---------- Material provided

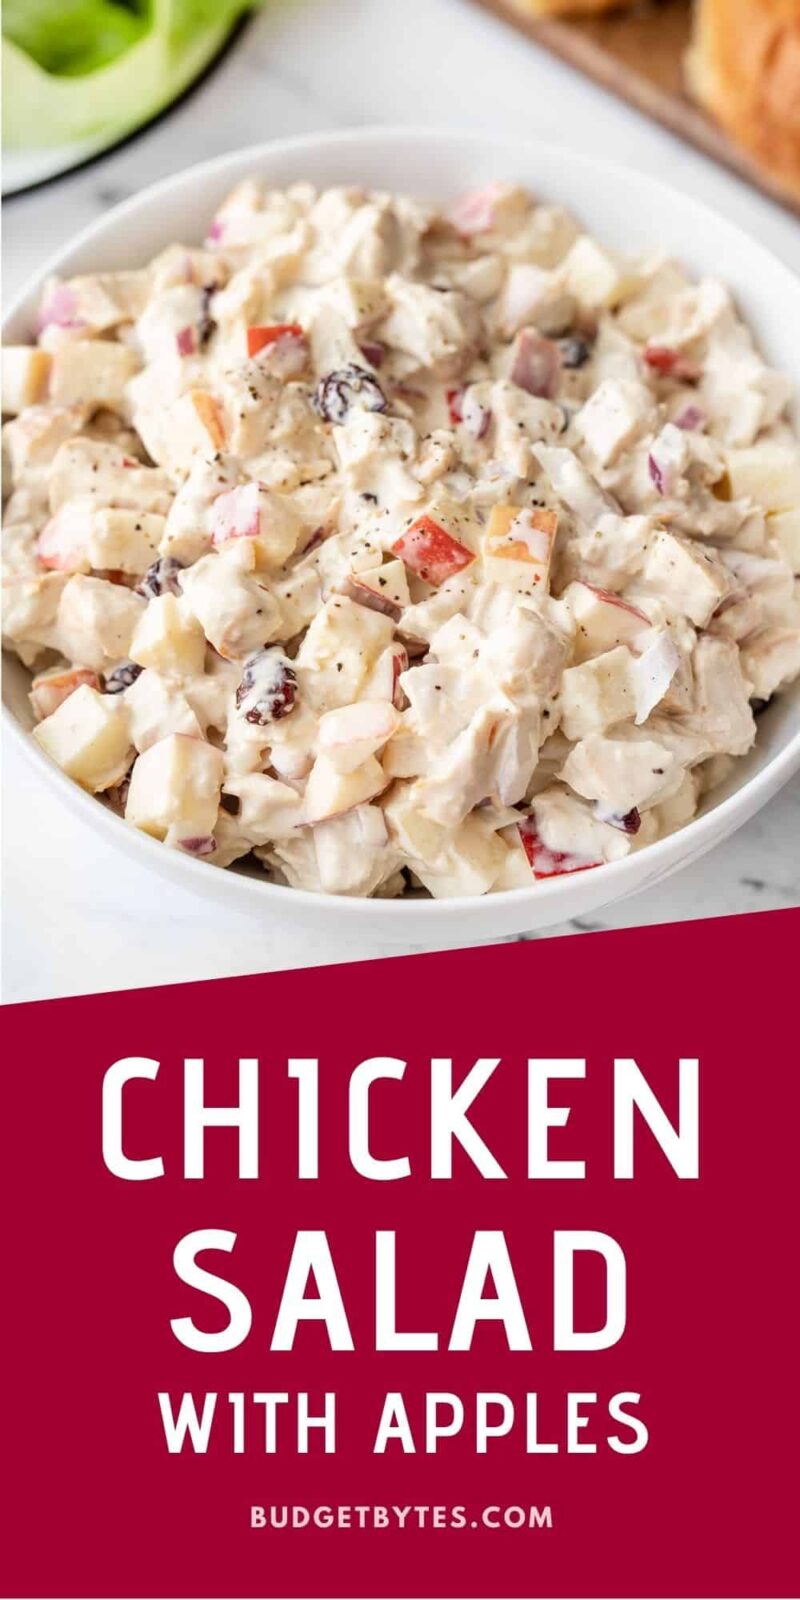 A bowl of chicken salad with apples, title text at the bottom
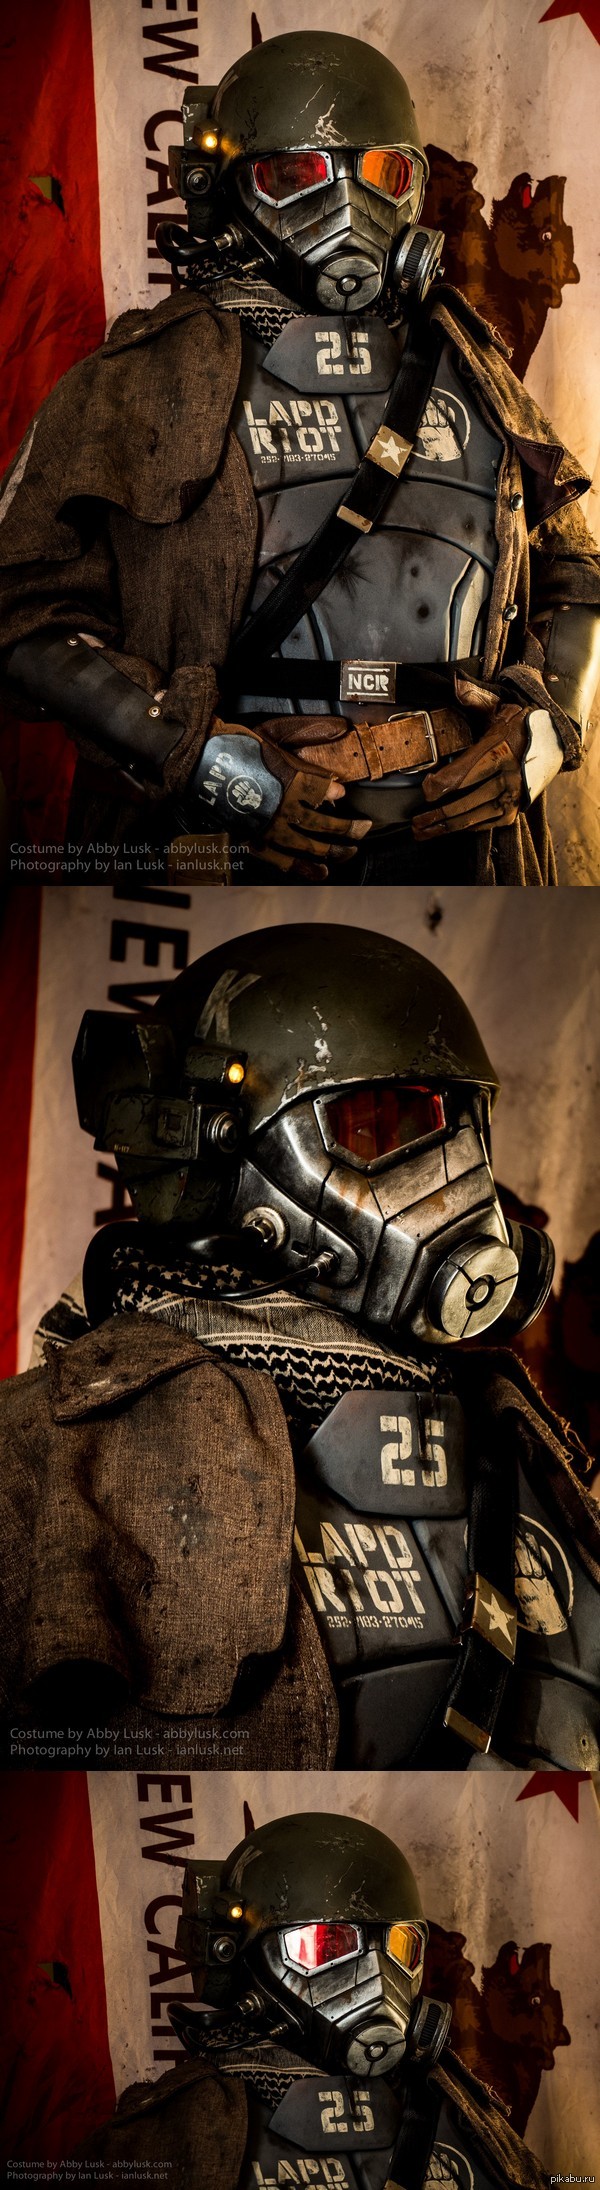 Fallout: New Vegas cosplay 
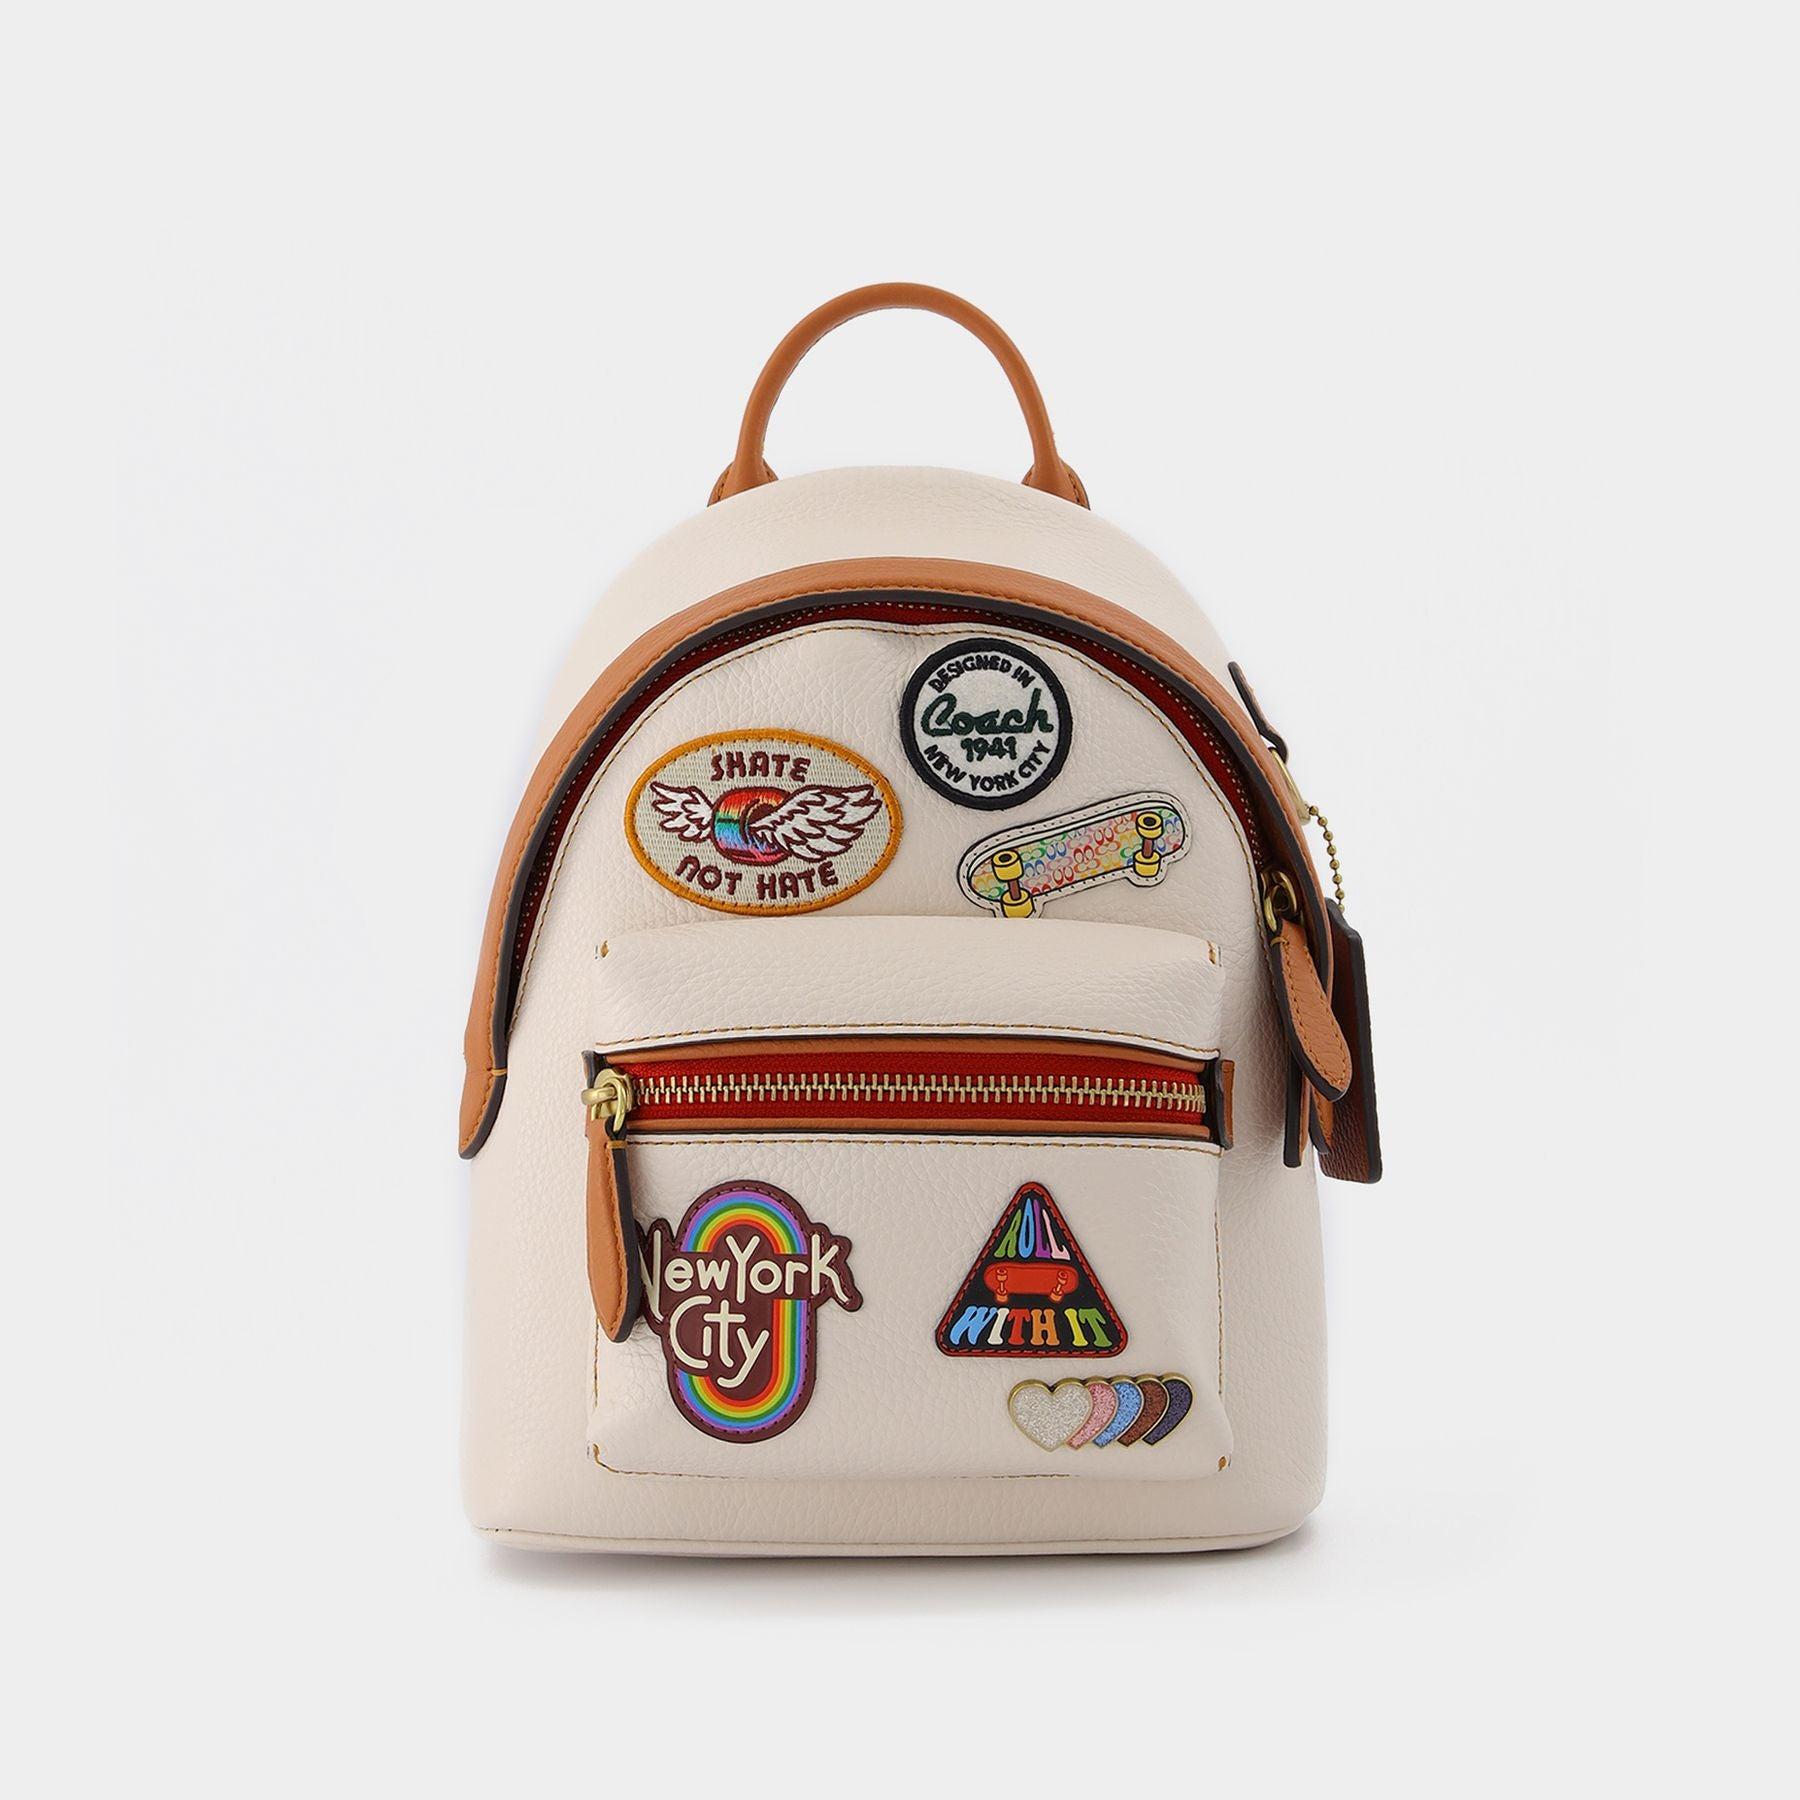 Coach Men's Patches Backpack, Men's Fashion, Bags, Backpacks on

--------------------

> [The problem]:
All the data above is to be transcribed exactly, with no pictures included.

> [Problem solution]:
 A bowl of chicken salad with apples, title text at the bottom
 Fallout: New Vegas cosplay 
 Coach Men's Patches Backpack, Men's Fashion, Bags, Backpacks on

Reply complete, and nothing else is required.